Millican Dalton’s Cave is not a cave, it's a former slate quarry named High Hows Quarry, and it was renamed after Millican Dalton, who lived in this cave for nearly 30 years. The cave is located on the side of Castle Crag in Borrowdale close to Keswick in the Lake District.

Millican Dalton (*1867-✝1947) started work in London as an insurance clerk when he was a young man. He was a keen cyclist, camper and climber. At the age of 36 he felt constrained by humdrum work life and bowed out, a radical act for his times. He changed to a simple life of self-sufficiency, built a forest hut in Buckinghamshire where he lived during the winter months, and camped in the Lake District during the summer. he baked his own bread, manufactured his own clothes with a sewing machine, and followed a healthy natural diet.
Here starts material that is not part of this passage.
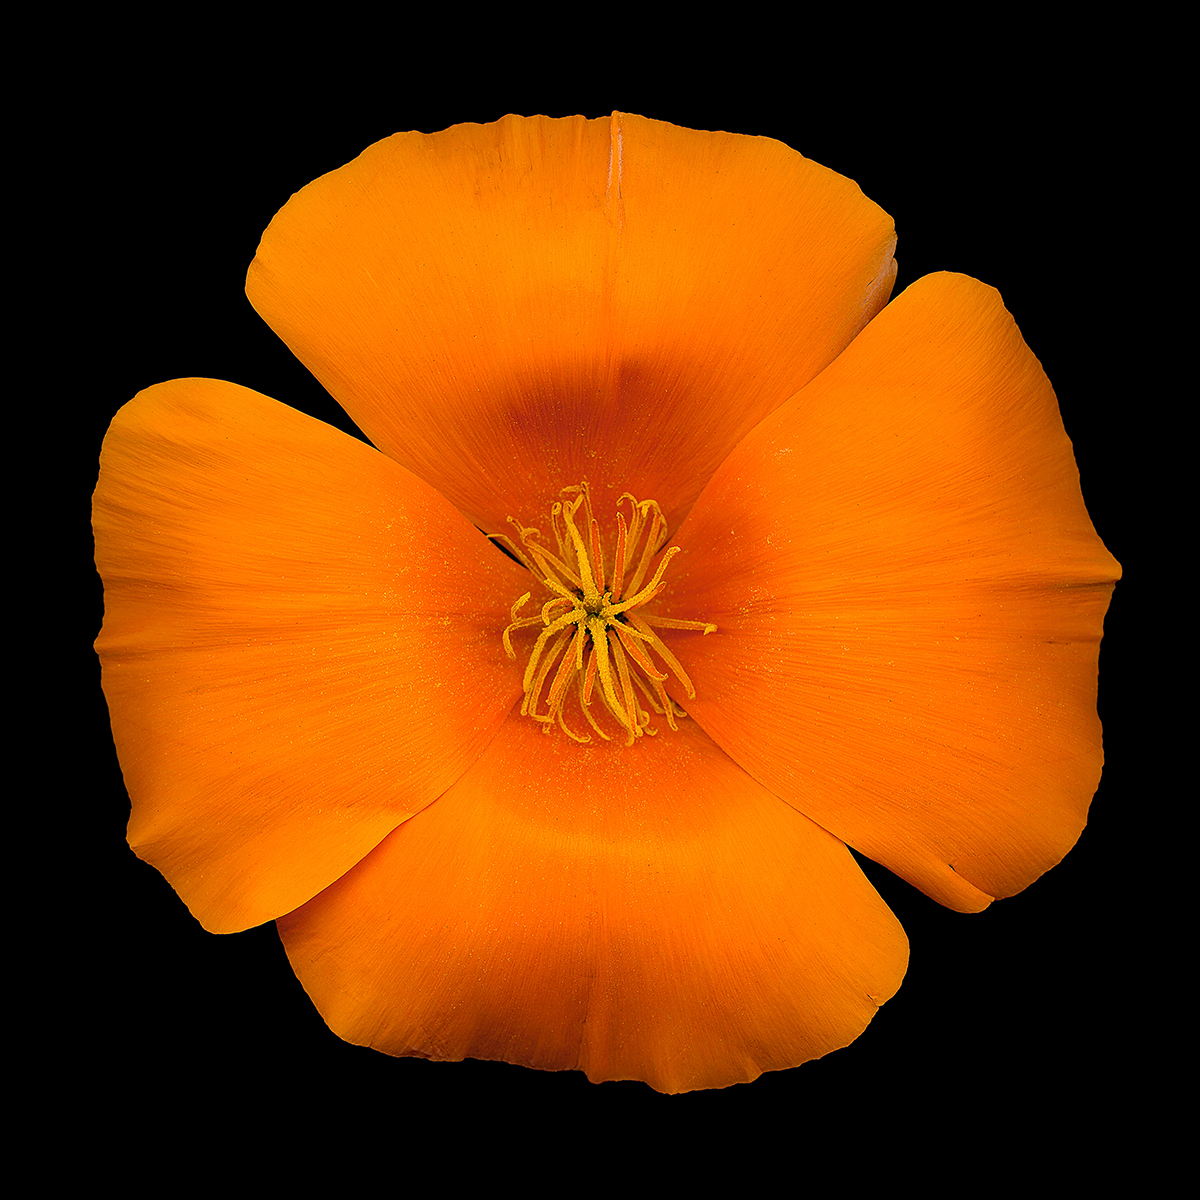 California Poppy by David Leaser

He called himself “Professor of Adventure” and began offering adventure trips to outdoor lovers. He led parties in rafting and climbing, and even guided mountaineering trips in the Swiss Alps. He delighted in campfire conversations and offered his services to young women long before this became socially acceptable. At this time women were not accepted as mountaineers, but he taught rock-climbing to his female charges, and allowed them to lead when their climbing skills permitted.

When he died aged 79 in a hospital in 1947, his cave soon became a site of pilgrimage. It has two interconnected split-levelled chambers. In the upper chamber he etched an epitaph into the wall “Don’t Waste Words, Jump to Conclusions”. And he left another riddle, a book lay uncompleted by his bedside titled “Philosophy of Life”, containing his observations based on thirty years living in the wilderness. But the book vanished and has never been found.